> Your goal: Leaving out the images, please output every entry exactly as it appears.

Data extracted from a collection
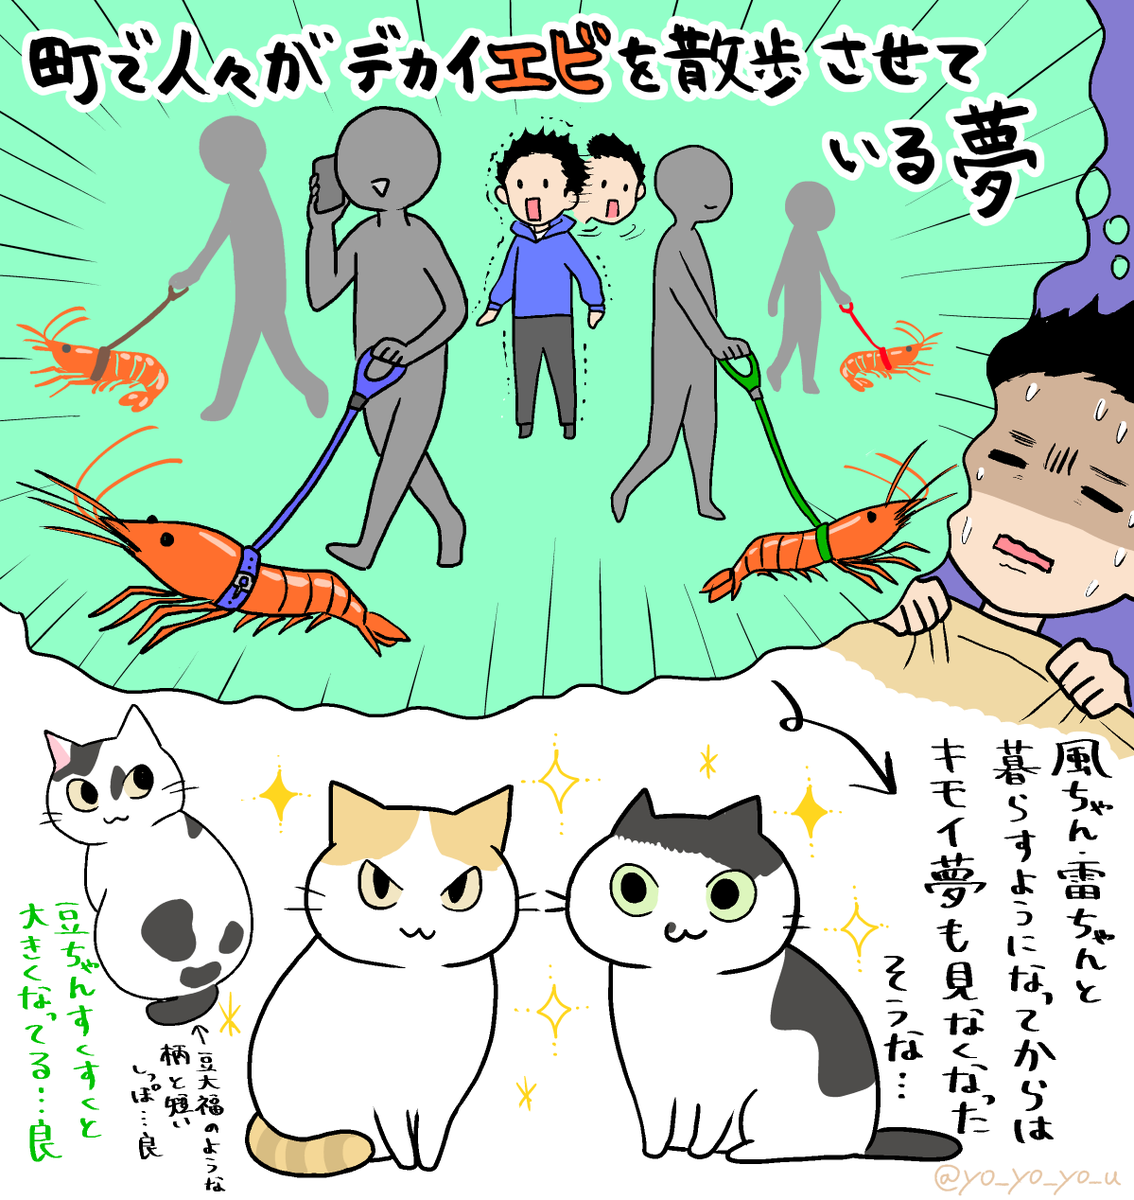 今週のサンシャイン池崎さんの保護猫コーナーは特に見所満載だったのですが、やはり最初の夢の話のインパクトが頭から離れませんでした
#みんなのどうぶつ園 
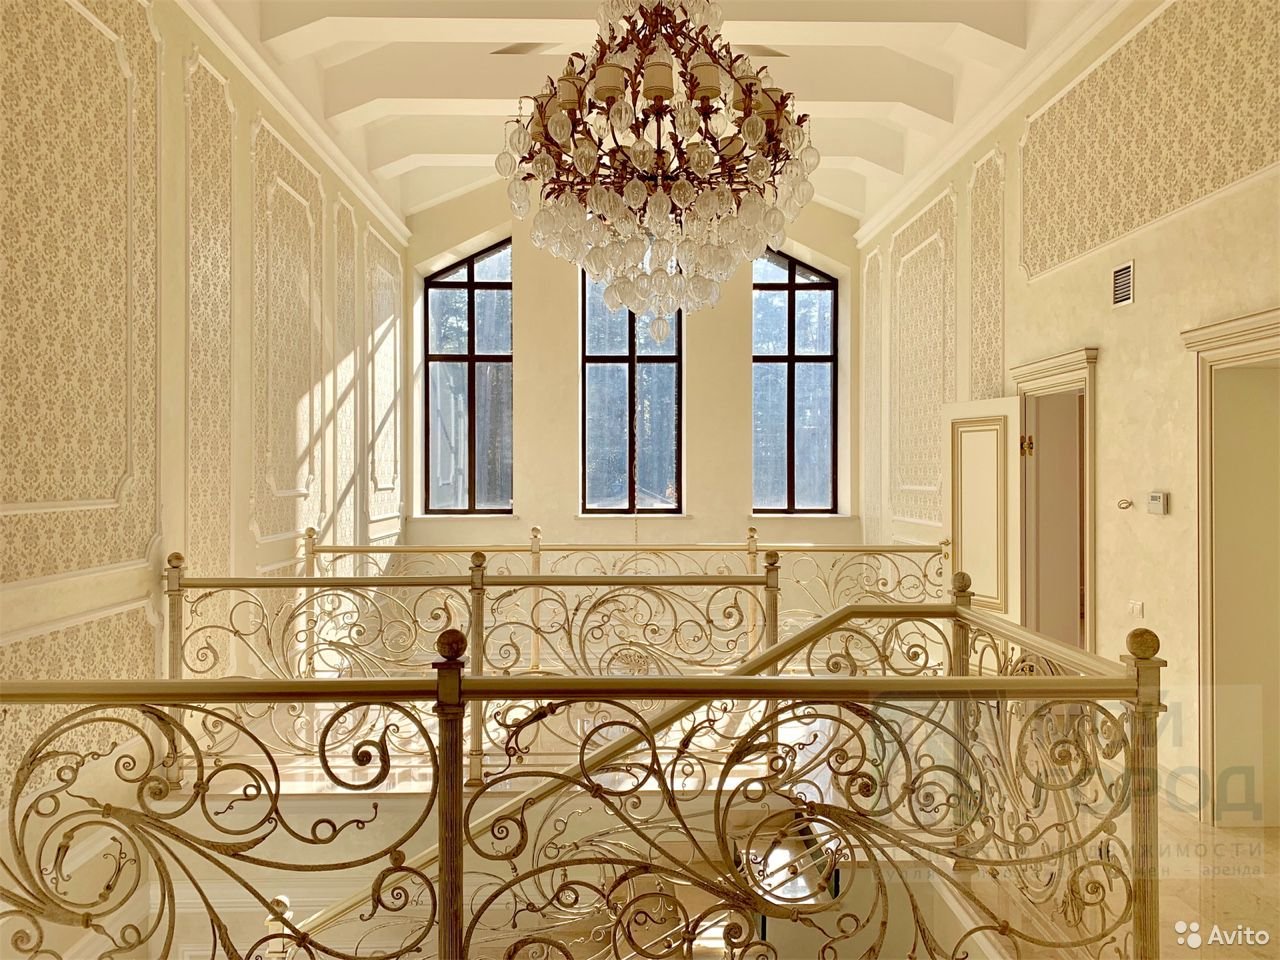 Под Кемерово продают коттедж за 100 млн. Публикуем фото роскошного дома с лифтом, бассейном и спортзалом
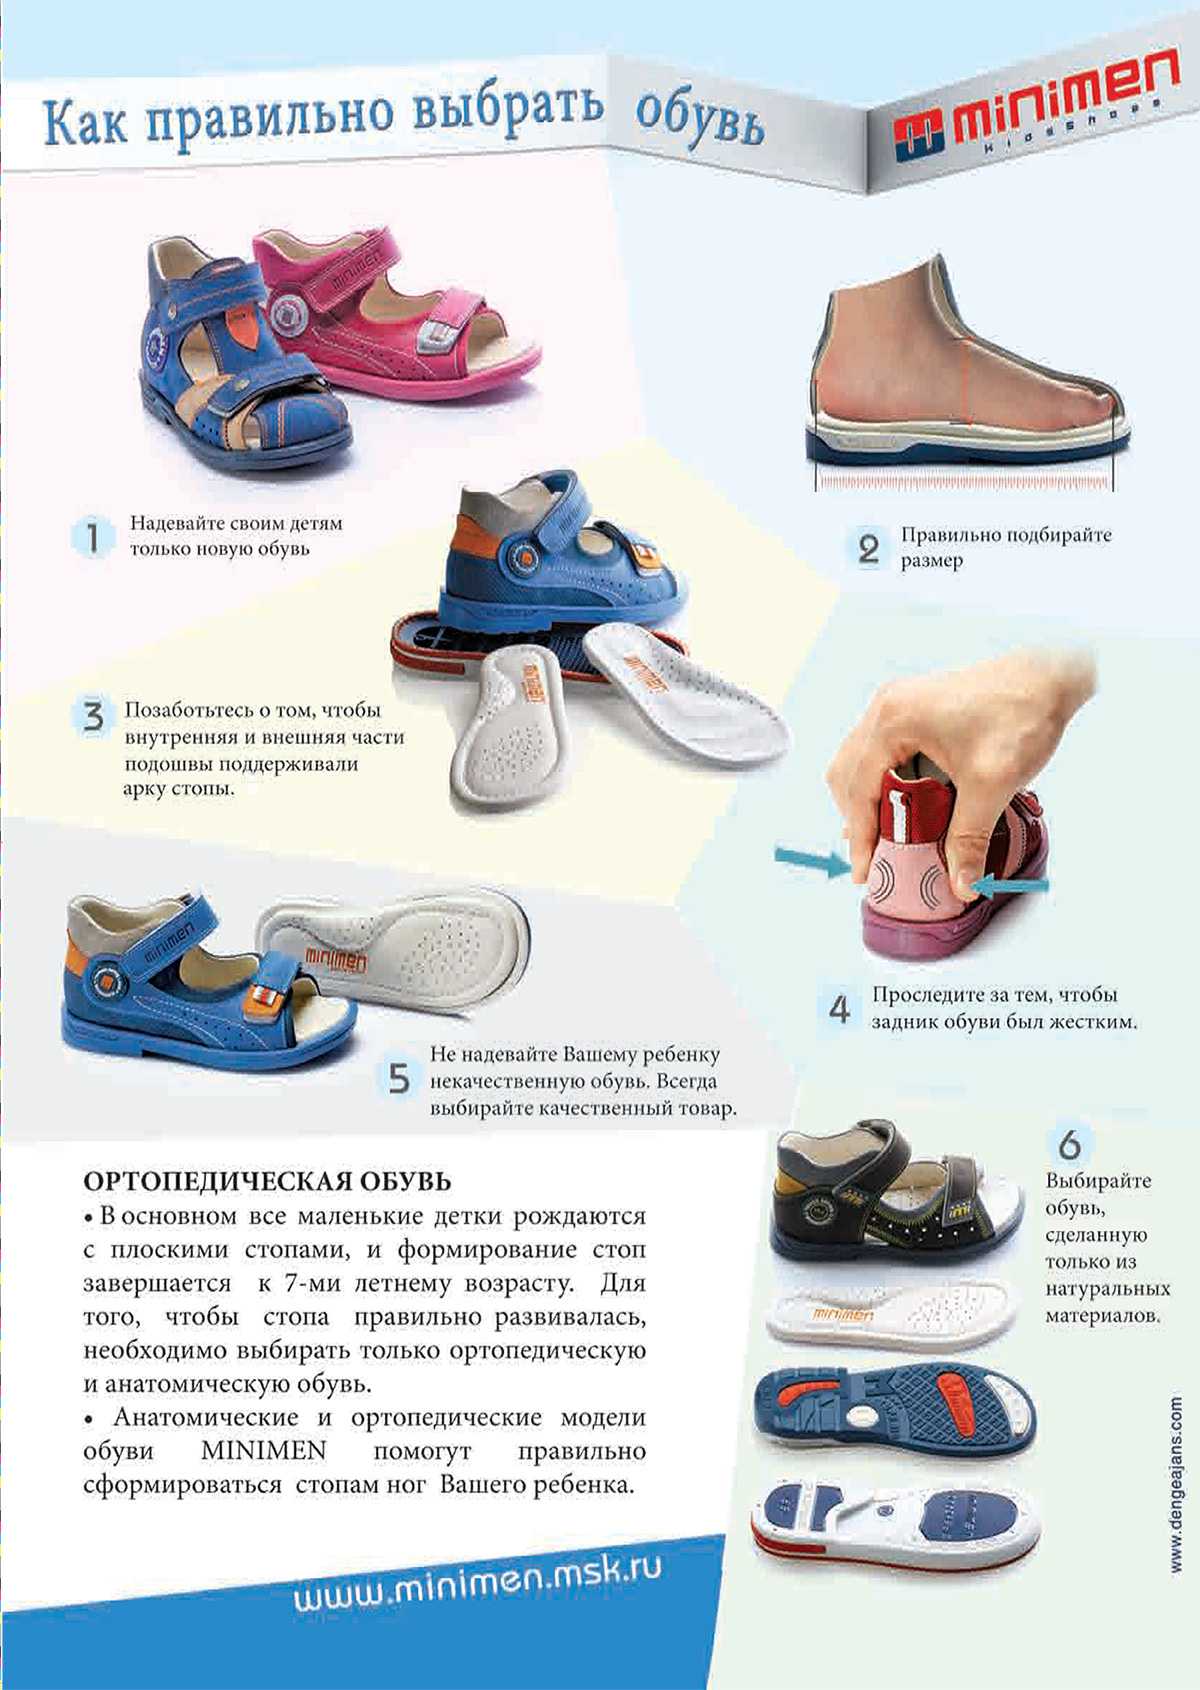 Как правильно подобрать обувь ребенку
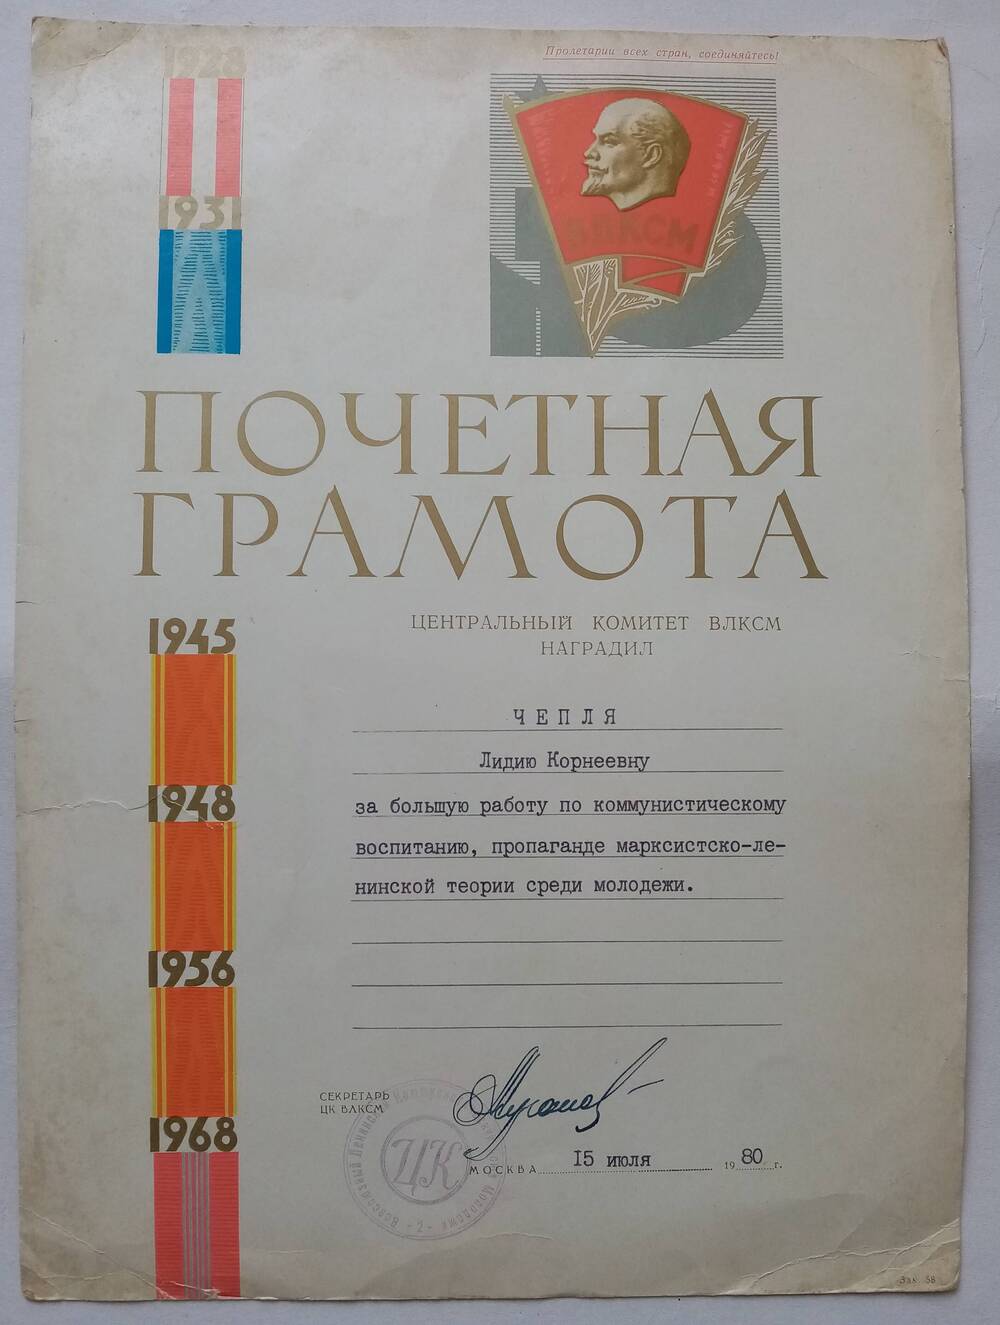 Почетная грамота ЦК ВЛКСМ  от 15.07.1980 года Чепля Лидии Корнеевне за большую работу по коммунистическому воспитанию молодежи

> Task response:
 今週のサンシャイン池崎さんの保護猫コーナーは特に見所満載だったのですが、やはり最初の夢の話のインパクトが頭から離れませんでした
#みんなのどうぶつ園 
 Под Кемерово продают коттедж за 100 млн. Публикуем фото роскошного дома с лифтом, бассейном и спортзалом
 Как правильно подобрать обувь ребенку
 Почетная грамота ЦК ВЛКСМ  от 15.07.1980 года Чепля Лидии Корнеевне за большую работу по коммунистическому воспитанию молодежи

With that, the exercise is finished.